Aim for amazing azaleas

Marie Staunton

Carefully prepared acid soil -- and hard work -- is the key to growing beautiful flowering shrubs, says Marie Staunton

I'm chasing my tail at the moment with all the extra work that needs to be done in the garden at this time of the year. And you would imagine that now wouldn't be the right time to be taking on new projects -- but I just can't resist rhododendron, and growing them in our garden means a lot of extra work for me.

But I'm up for the challenge and, hopefully, my new little plants will adapt well into their not-so-perfect soil conditions.

I envy those gardeners who can just go out to their garden, choose a spot, plant an azalea or a rhododendron and not bat an eyelid.

Acid soil is a godsend to those who love growing these beautiful plants and there are so many varieties to choose from.

There are a number of reasons why azalea and rhododendron leaves are yellow, and soil that is too alkaline will certainly cause this problem.

There are, however, a number of other reasons why this can happen.

Drought or poor drainage can be a contributing factor, so start as you mean to go on with these acid-loving plants and give them what they need.
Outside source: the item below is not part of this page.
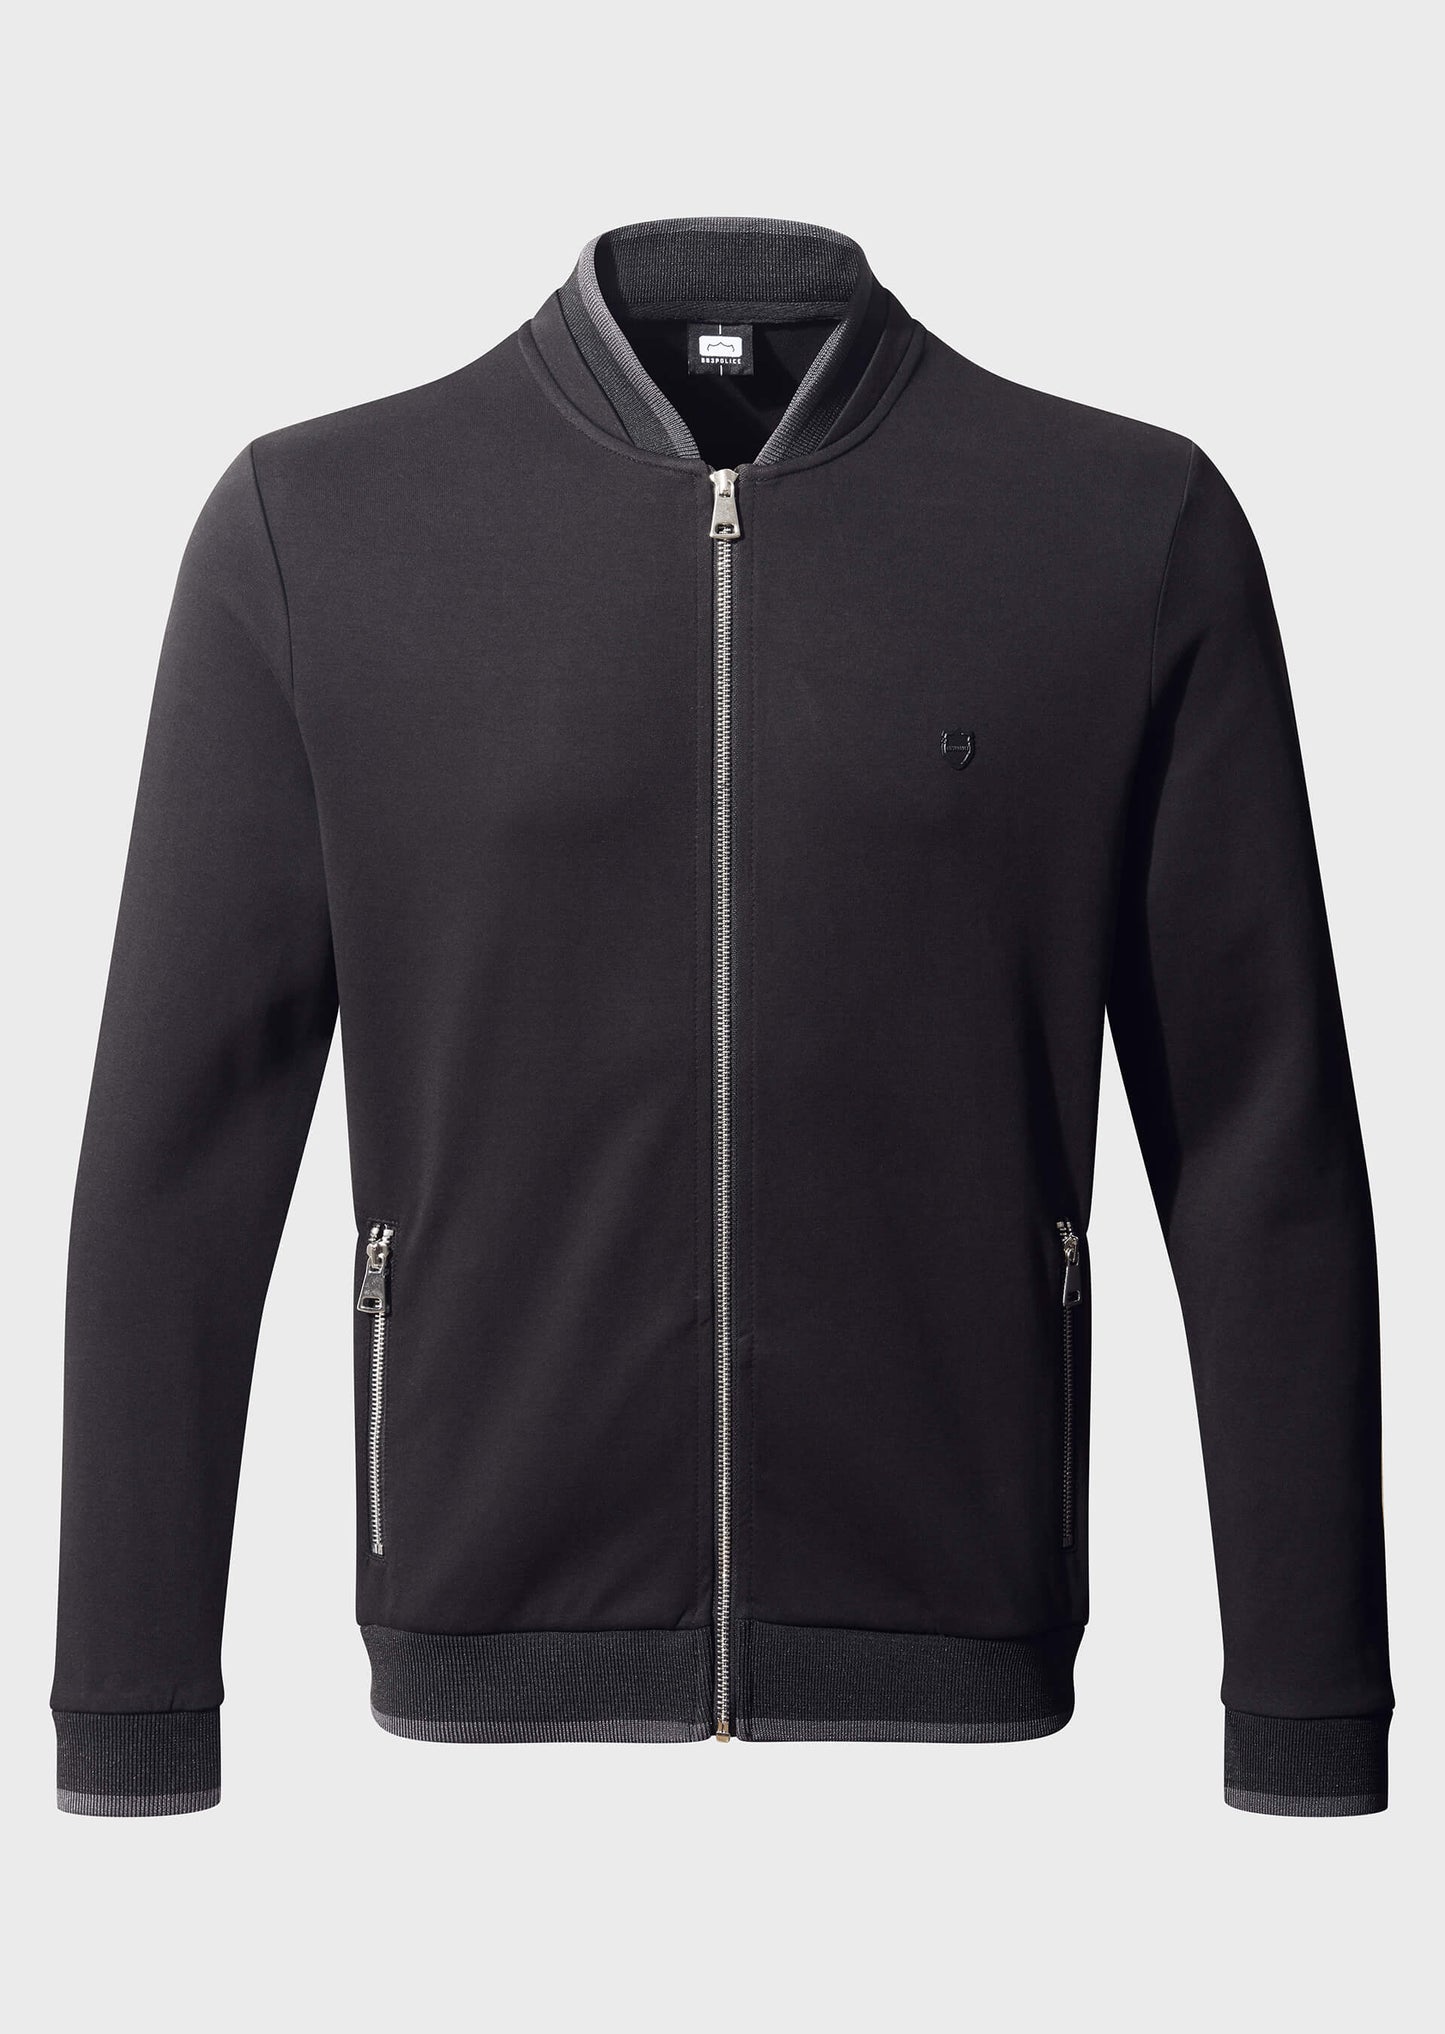 Neutra Black Zip-Up Sweatshirt

They require a soil pH of 4.5 to 5.5 and, if that isn't possible, you will need to create an acid bed for them.

My advice is to give them a good start because they aren't cheap, and you will waste precious time and money by cutting corners.

Make an acid bed at least 30cm deep and line it with a plastic membrane so that the alkaline soil in the other parts of your garden won't come into contact with it and lime water won't leach into it.

The same method applies if you would like to grow camellias or pieris, or, indeed, some heathers.

Rhododendron don't like it too wet or too dry, which is a bit tricky considering the plastic membrane, so you will need to find a way to let the water drain from the bed.

It is often a good idea to line only the sides of your acid bed to allow for drainage below.

Lime water normally leaches in from the sides and not underneath. I won't be too surprised if you give up on the idea at this stage and just resign yourselves to the possibility of never being able to grow them at all.

But where there's a will there's a way.

I'm only putting in a couple of azaleas and I plan to incorporate peat into the area and to top-dress yearly -- and to use an iron sequestrate and sing to them if necessary, to make them love my garden.

I will also have to collect rain water as they won't like the tap water on offer in North Co Dublin. I'm not too fond of it myself, so I am not surprised that it won't suit them either.

Feed rhododendron and azalea in early spring and through the early part of the summer, but not after that.

After all of that, I can choose my plants and settle them in and I particularly love the strong colour of the Azalea 'Hino-mayo'.

If you can get your hands on one, try a very new-to-the-market lime-tolerant rhododendron called Constanze 'Inkarho' which is a wonderful pink colour.

It can get to a height of around 1.5m.

These plants are produced on the 'Inkarho' rootstock which, after 20 years of research in Germany, has proven to be lime tolerant.

They will still require ericaceous compost and a good feed, but they will survive in a soil with a pH of 7 very well indeed.

Now for the 'shocker', which happens to be my little fella's favourite word at the moment, but I think it's appropriate in this instance: they cost upwards of €30 per plant -- for that price, it would want to have bells and whistles on.

Having said that, because there is no fiddling around with acid beds, it might be the answer for a lot of gardeners who simply want to grow a rhododendron without all the palaver.

A word of caution when planting -- they are all shallow rooters so don't plant them deeply; just to the same level as they were in the pot.

If you are interested in rare plants, you might like to head to Beaulieu House and Garden in Drogheda on May 13 for the Bord Bia-sponsored rare and special plant fair.

It starts early -- at 10.30am -- so, if you are after something a little bit different, then get there early and avoid the traffic because there are a number of events taking place in Drogheda on the same day.